Here's my rough estimate. About 5% of US desktops now run Linux, a fair floor for people comfortable installing and configuring things. On OpenRouter about 30% of tokens already go to open models. Put those together and you get roughly 1.5 to 3% of adults in the US who would plausibly run their own models today.
But perhaps a better comparison are ad blockers where it's a one click install and roughly a third of the internet uses it. Local AI unlike ad blocking also gets you off what may be an expensive subscription so there's additional incentive to do it. By the end of 2027 I think this group will be growing towards ~9% with the ceiling looking more like ad blocking's 30% and not Linux's 5%.
As an additional parallel, look at the trends for home PC and smartphone adoption in the US and this is moving faster (Fig. 3).

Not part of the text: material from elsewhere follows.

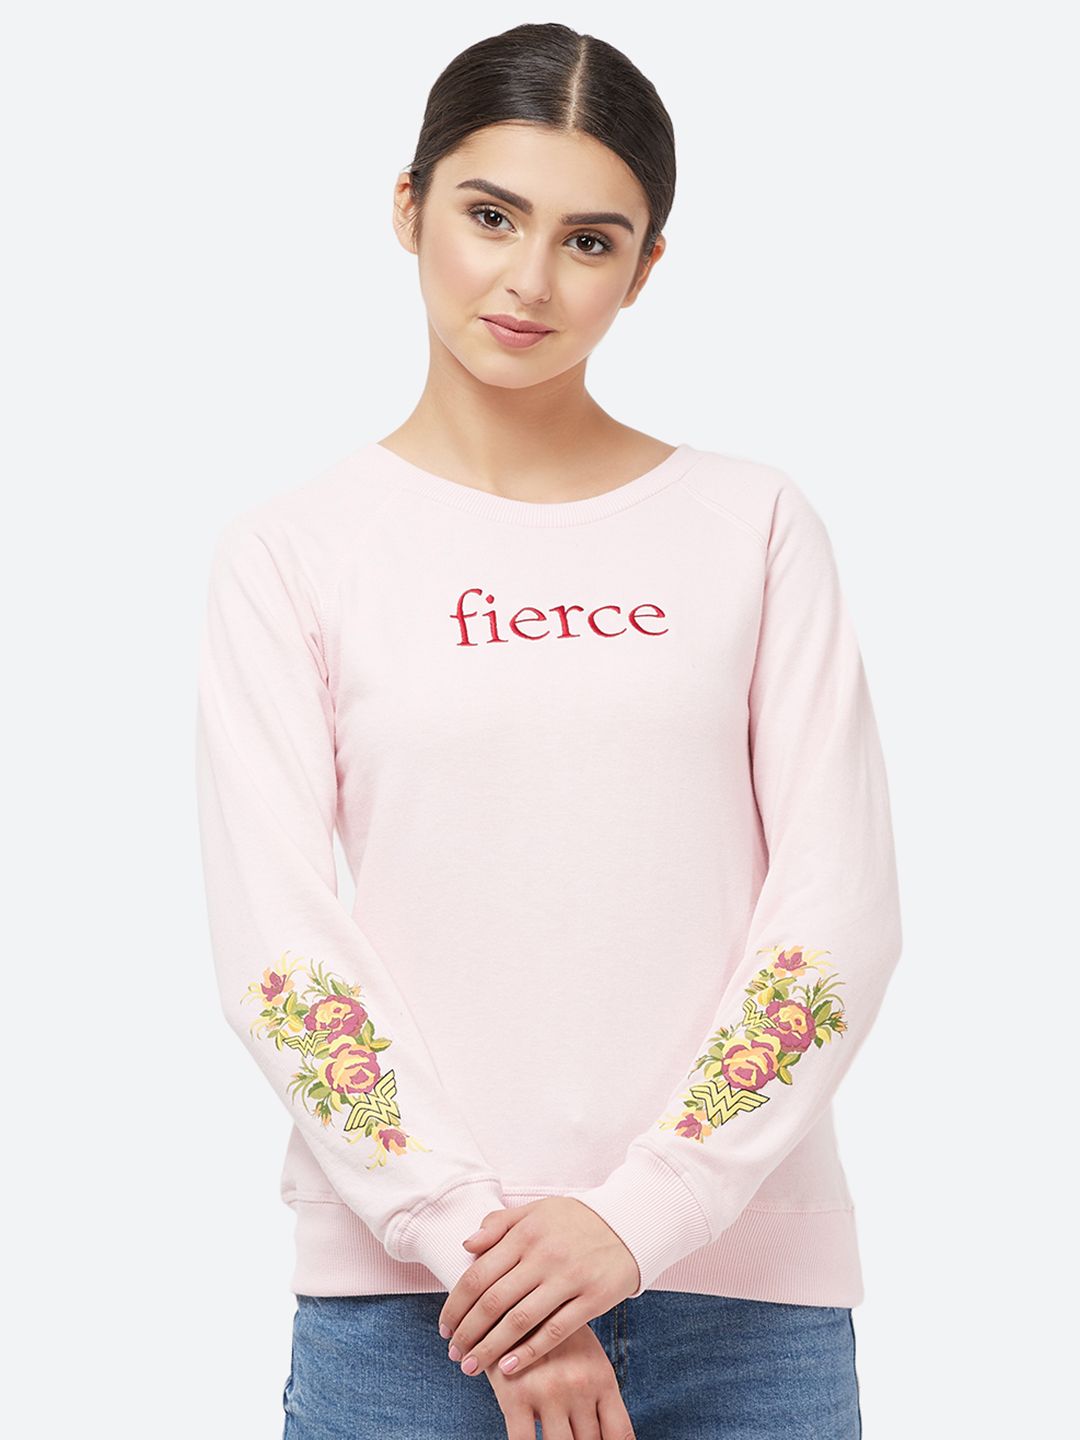 Free Authority Wonder Woman Print Pink Sweatshirt for Women Price in India

But I also think that this goes even further. Right now most are bolting AI onto existing software, a little assistant in the corner of the app or whatever. I think that flips entirely and AI basically becomes the operating system and you'll really want that living on hardware you own. For example, Microsoft is already reorganising Windows around an agentic future.
Anything personal, I keep on my own machine. It still takes a bit of effort today, and no, your average person isn't about to start writing their own software but maybe they will, who knows? But the ready made stuff is getting genuinely easy and once it does, that stack of monthly subscriptions starts to look a bit silly. Why wait for someone to update their app and add that feature you've wanted for years when you could ask AI to build it for yourself in a day.
Expensive machines becoming obsolete in a year also seems to be playing out backwards here. What matters for running AI as an end user is mostly memory and a high memory machine from a few years ago is still better than this year's cheap one. Those things are holding their value and you stop chasing the latest and greatest anyway once you realise most jobs don't need it. If the only advances are speed then I'm generally ok waiting for a few seconds while I go do something else.
Anyway, that's where I think it's all heading. My bill's going one way, my home setup's going the other and I don't think I'm the only one who's going to notice.